Disheveled Cuss takes you back in time, creating a debut album that acknowledges the important influence of 90s alternative rock.

Release date: June 12, 2020 | Sargent House | Facebook | Bandcamp

I was born in the early 90s, and even though I like to pretend that I was impacted by the culture at the time, I was a bit too young to actually remember much of it. Regardless, I absolutely love the music from that decade. I was raised in a household that enjoyed the grunge scene, and I still often listen to records by Alice In Chains and Soundgarden. I’m grateful that some modern alternative rock bands have continued to incorporate the sounds of the 90s into their music, which seems to showcase an understanding of the importance of the genre.
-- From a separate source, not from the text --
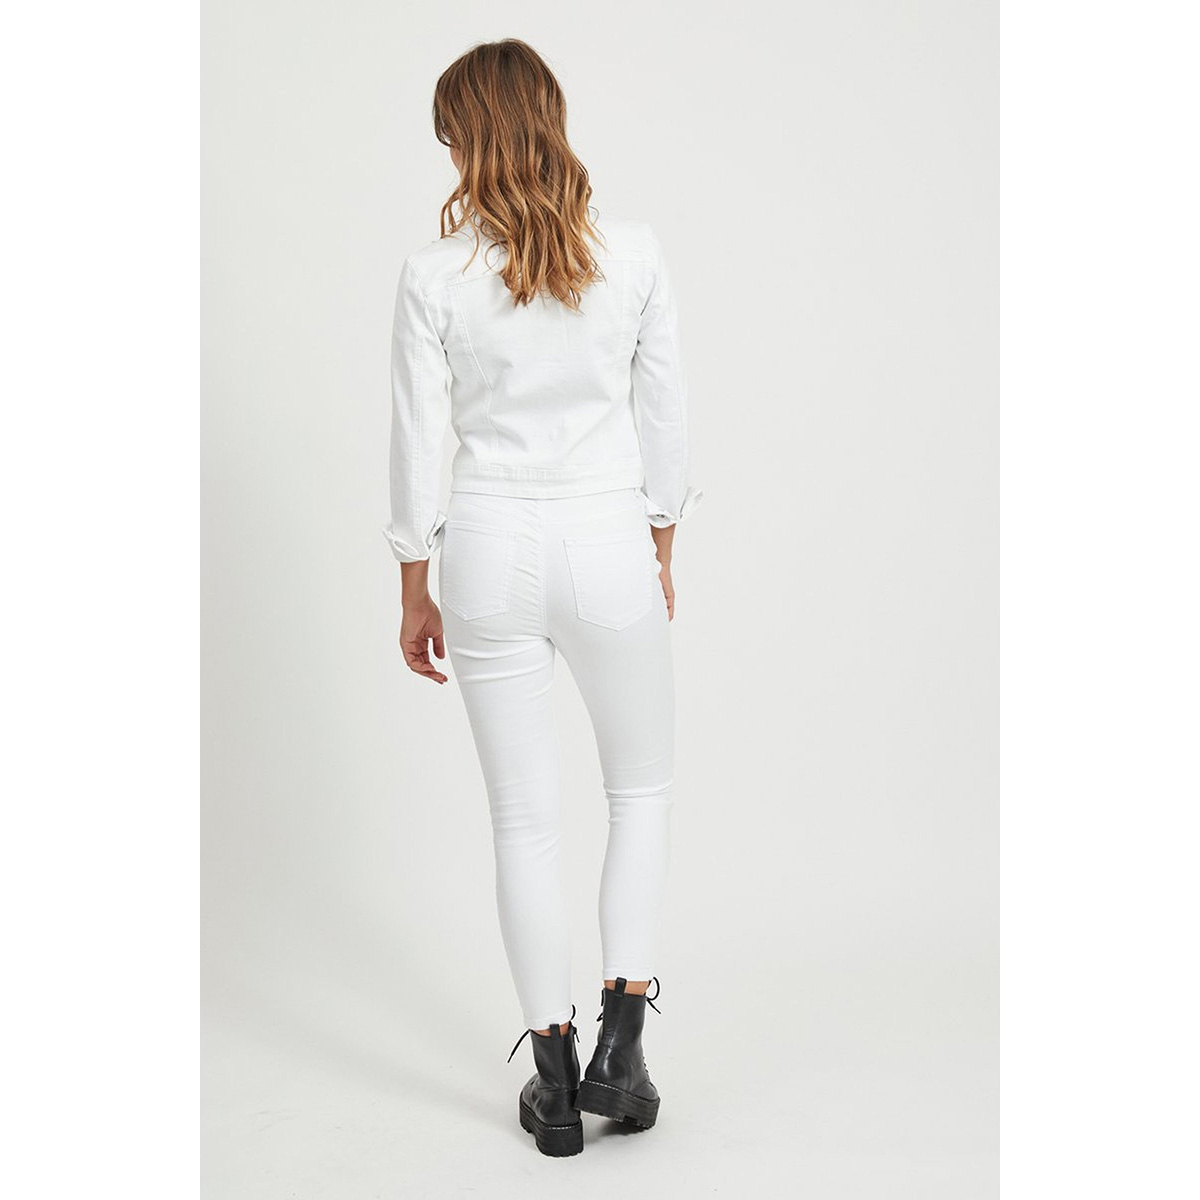 objskinnysophie m/w 7/8 obb308 noos 23031794 object jeans white
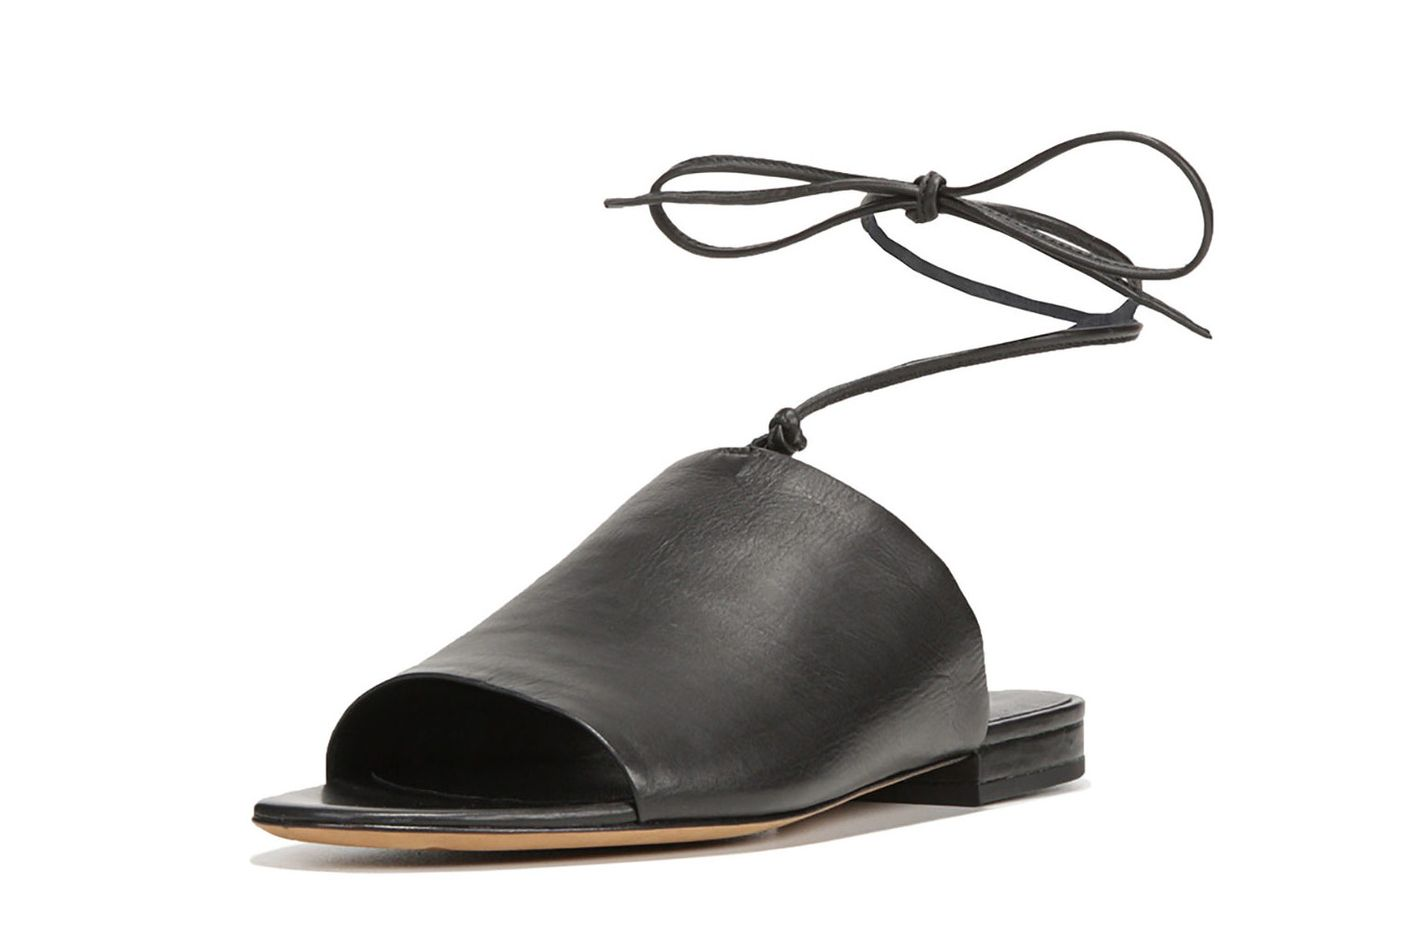 Vince Damon Leather Ankle-Tie Mule

I could instantly tell that Disheveled Cuss is an artist that takes influence from the roots of 90s garage rock. This is the side project of Nick Reinhart (Tera Melos), and the music here seems significantly different than what you’d hear from his main project. While Tera Melos is technical with some math rock elements, Disheveled Cuss is more simplistic and aggressive. The self-titled debut album is a strong release, and parts of it honestly sounds like Weezer if they decided to continue in the vein of Pinkerton. Sound tantalizing to you? You’ll definitely get that feeling from the first two tracks, “Generic Song About You” and “She Don’t Want”.

The driving force behind Disheveled Cuss comes from the pummeling drums and riffing guitars. A wall-of-sound is crafted in songs like “Oh My God” and “She’s Odd” to really fill the space and add more impact. Although the latter track isn’t as fierce as some of the others, it still has a power that grabs your attention without trying too hard. On the contrary, “Don’t Paint the Sun” utilizes heavily distorted guitars at a slower tempo to channel the spirit of Soundgarden in an effective way. This track is definitely the most massive of the album, but it doesn’t seem out of place at all. The complexity of the album continues to evolve, allowing for varying moments throughout.

Although Disheveled Cuss showcases a more abrasive side of alternative rock, there are still plenty of moments that move into a softer territory. “Surf-101” uses dynamic changes to build tension and release, which allows the longest track on the album to never lose its initial charm. Similarly, “Nu Complication” isn’t as in-your-face as some of the other tracks, but it still captures a strong and driving energy throughout. It’s one of my favorite tracks on the album, and also incorporates a bit of indie rock into the mix. You’ll hear quite a few standout moments that don’t rely on 90s alternative tropes, and this helps with keeping the entirety of the album fresh.

Does 90s nostalgia seem like an attractive way to spend your time? If you answered yes, Disheveled Cuss has you covered with his debut full-length album. If you answered no, you should probably still check it out to hear Nick Reinhart in a project that’s completely different from Tera Melos. The album is successful in channeling the spirit of so many of the bands that came out of the grunge and alternative rock scene. While the influence taken from other artists is obvious, there is still so much that’s unique about this record. Disheveled Cuss may be ‘only’ a side project, but it captures the same passion and excitement as any other modern band out right now.